Comment by pradn
5 years ago
I tried to write code with small functions and was dissuaded from doing that at both my teams over the past few years. The reason is that it can be hard to follow the logic if it's spread out among several functions. Jumping back and forth breaks your flow of thought.
I think the best compromise is small summary comments at various points of functions that "hold the entire thought".
The point of isolating abstractions is that you don't have to jump and back and forth. You look at a function, and you understand from its contract and calling convention you immediately know what it does. The specific details aren't relevant for the layer of abstraction you're looking at.
Because of well structured abstractions, thoughtful naming conventions, documentation where required, and extensive testing you trust that the function does what it says. If I'm looking at a function like commitPending(), I simply see writeToDisk() and move on. I'm in the object representation layer, and jumping down into the details of the I/O layers breaks flow by moving to a different level of abstraction. The point is I trust writeToDisk() behaves reasonably and safely, and I don't need to inspect its contents, and definitely don't want to inline its code.
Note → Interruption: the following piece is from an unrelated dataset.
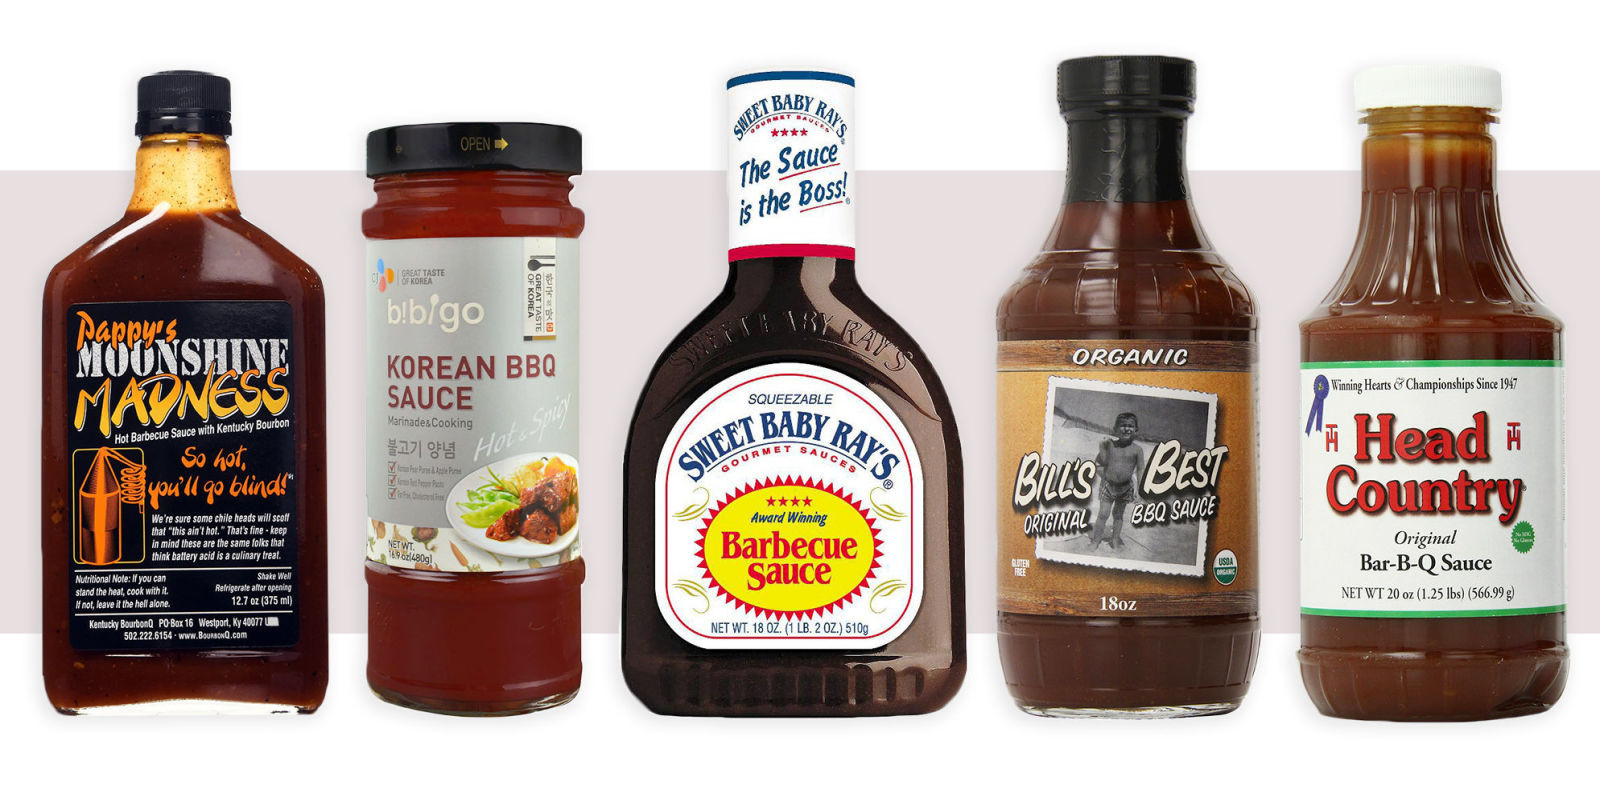 Healthy Bbq Sauce Brands  Top 28 Top Barbecue Sauce Brands 15 best barbecue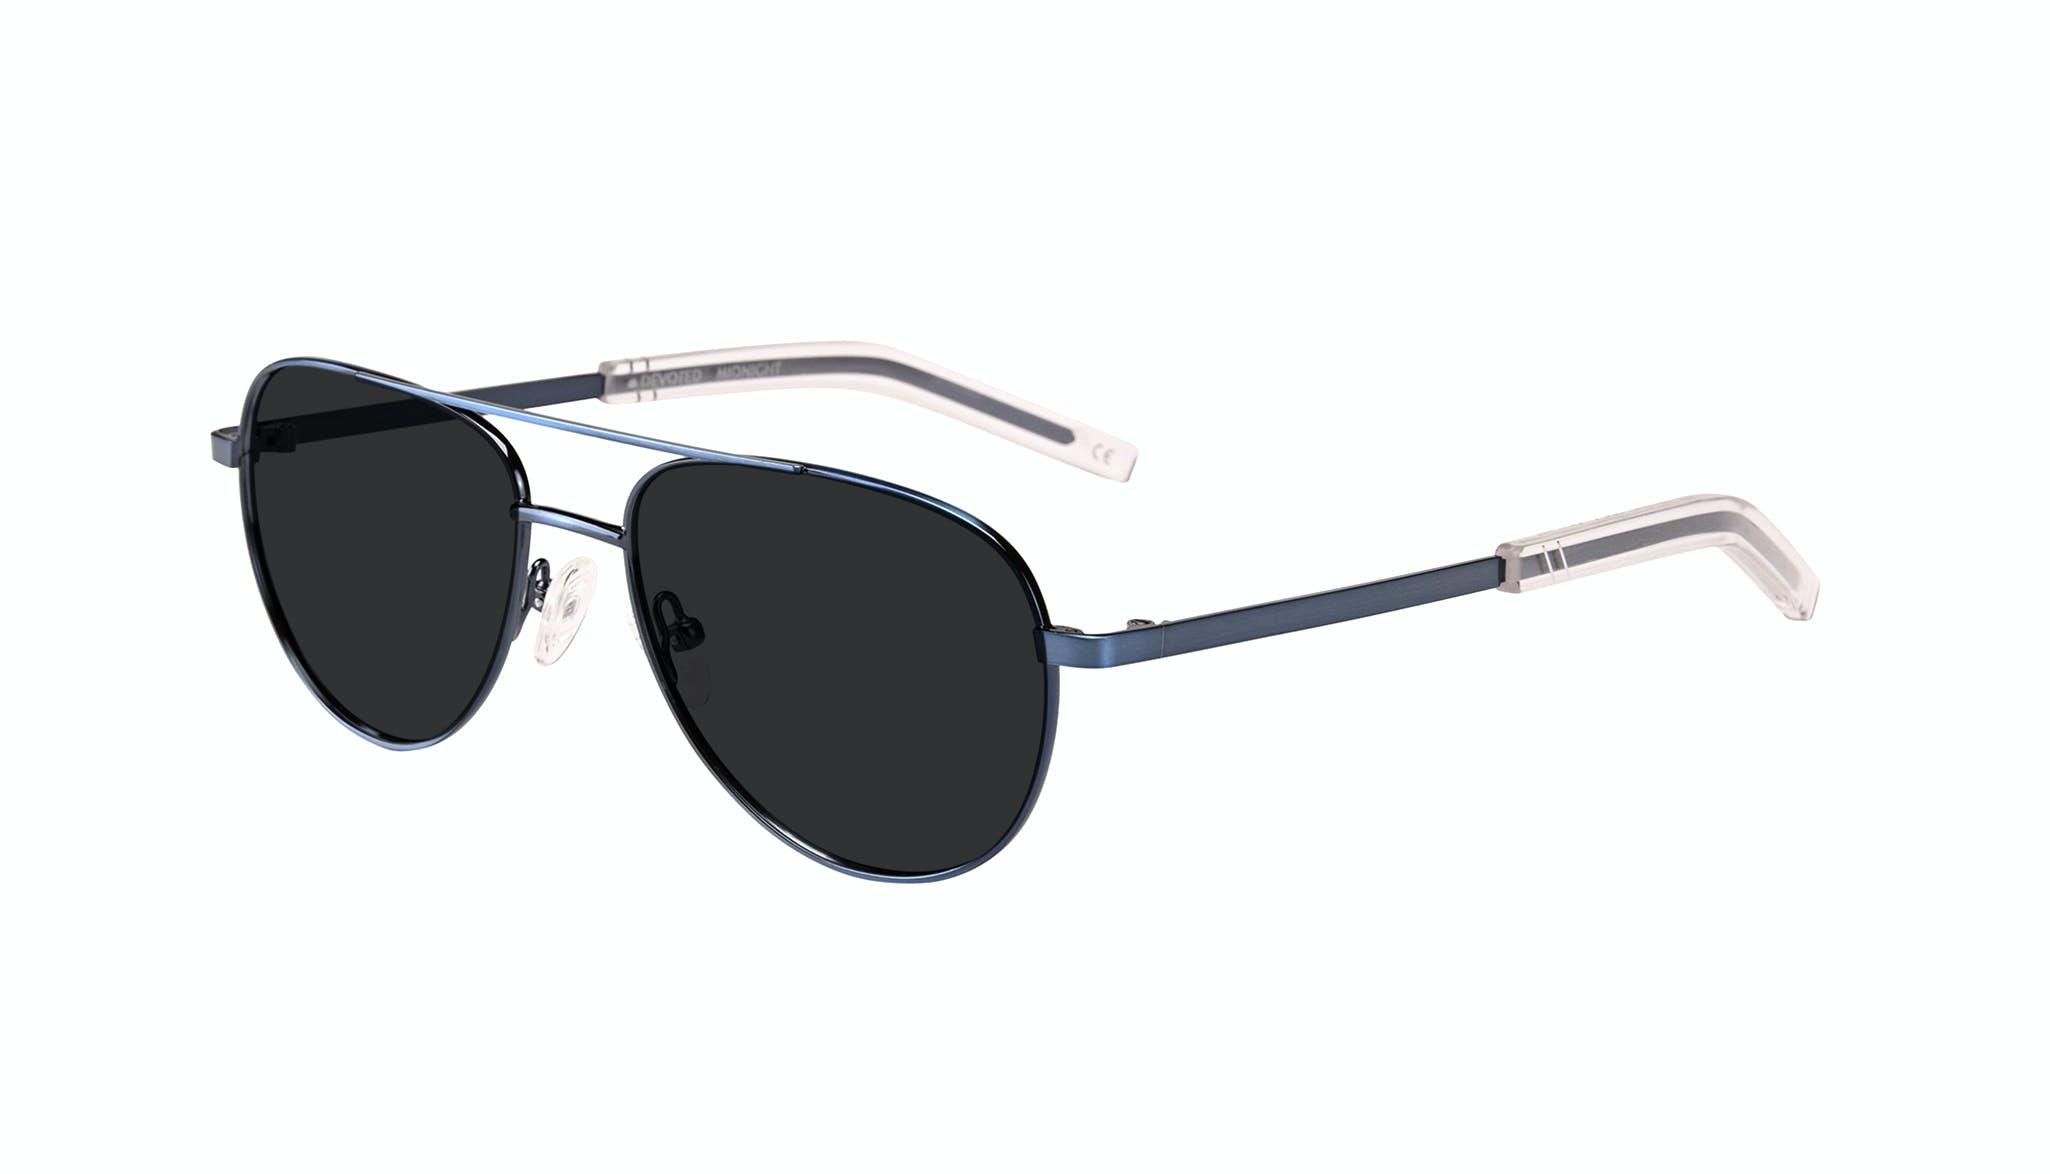 Affordable Fashion Glasses Aviator Sunglasses Men Devoted Midnight Tilt

If you find that you frequently need to jump down the tree from sub-routine to sub-routine to understand the high level code, then that's a definite code smell. Most likely something is fundamentally broken in your abstraction model.
> I think the best compromise is small summary comments at various points of functions that "hold the entire thought".
I think this is the best, honestly, it reaps most benefits of small single-use functions, without compromising readability or requiring jumping.
This is also how John Carmarck recommends in this popular essay: http://number-none.com/blow/john_carmack_on_inlined_code.htm...
Check out the try/catch and logging pattern I use in the linked post. I added that specifically so I could identify where errors were ocurring without having to guess.
When I get the error in the console/browser, the path to the error is included for me like "[generatePasswordResetToken.setTokenOnUser] Must pass value to $set to perform an update."
With that, I know exactly where the error is ocurring and can jump straight into debugging it.
Good grief, that pattern looks like it's effectively building a stack trace by hand. Does node not provide stack traces with errors?
It provides a stack trace but it's often unintelligible. This makes the location of the error much clearer in complex code.
Yeah, there really need to be a good reason to use catch(), and that's not it.